More complex combinations such as:
SCOPE PHRASE(AP, PP, NP/VP)
{
//rule(s)//
}
are also valid. Such a scope definition will act upon any text block recognized to be an adjective phrase or a prepositional phrase or a noun phrase followed by a verb phrase.
Combination of PHRASE and CLAUSE scope options
PHRASE
and CLAUSE
options can be combined when setting a rule's scope. In particular, it is possible to select a phrase included within a specific clause scope. In other words, selecting this option, a rule is required to act upon a phrase that has been recognized within a given clause.
The syntax for combining the PHRASE
and CLAUSE
scope options is the following:
SCOPE PHRASE IN CLAUSE(clauseType)
{
rule(s)
}
where clause_type
corresponds to one of the types available for the CLAUSE
option.
It is also possible to select one or more of the available phrase types to furtherly restrict the scope definition.
SCOPE PHRASE(phraseType) IN CLAUSE(clauseType)
{
rule(s)
}
For example:
SCOPE PHRASE(NP) IN CLAUSE(INDEPENDENT)
{
//rule(s)//
}
will act upon a rule on any text block recognized to be a noun phrase within an independent clause.

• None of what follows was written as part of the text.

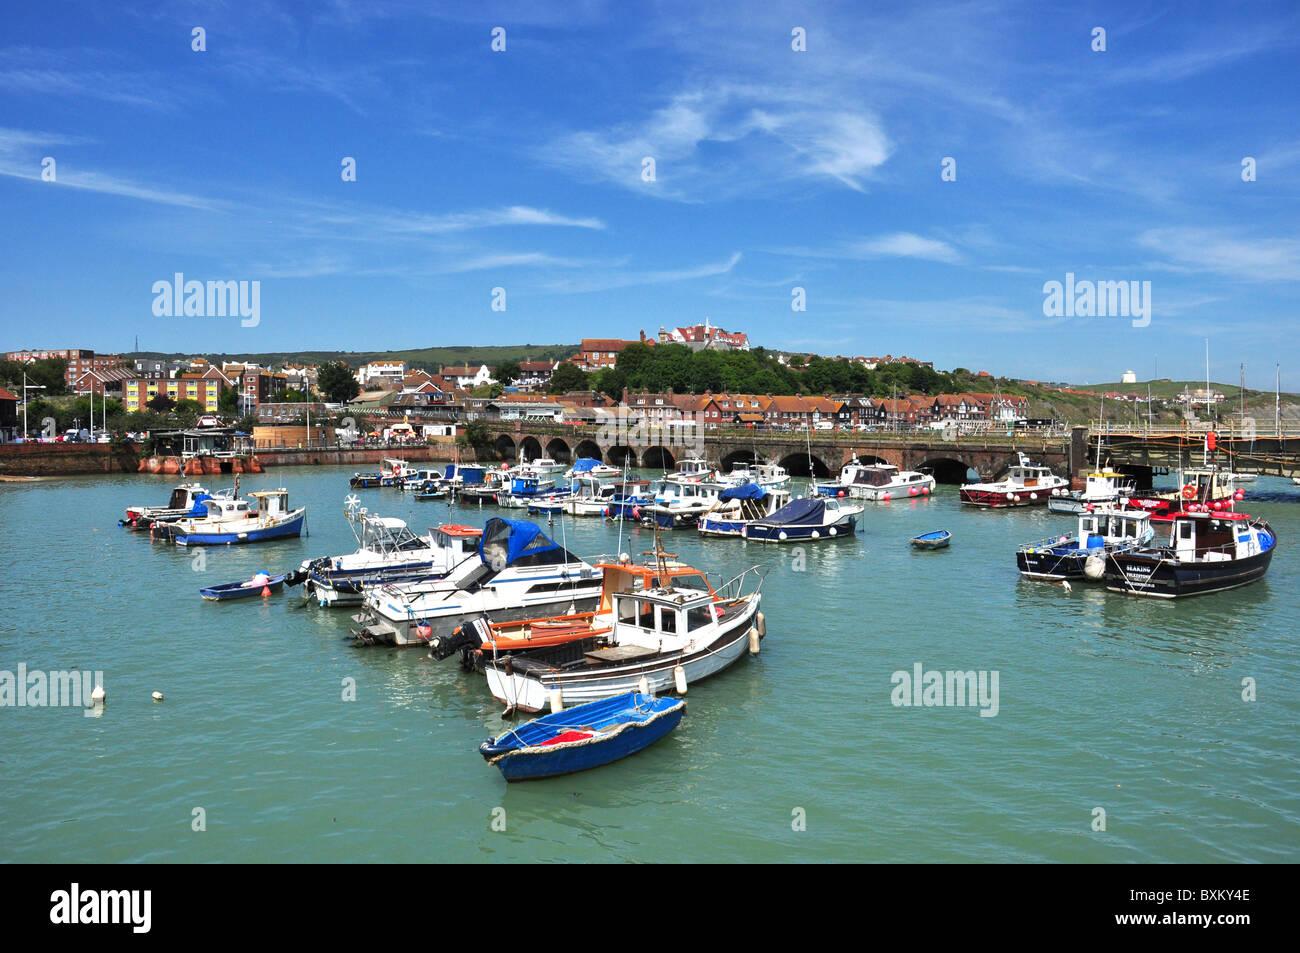 Folkestone harbour, Kent, UK - Stock Image

The use of such combinations aims to identify a very precise and limited area for the rule to act upon; in fact, the hits generated by the rules with this kind of scope are more likely to be characterized by high precision rather than high recall.
-
As
GENERIC
identifies a portion of text which is not properly a clause, the scope clause syntax withclause_type
GENERIC
does not trigger any rule. ↩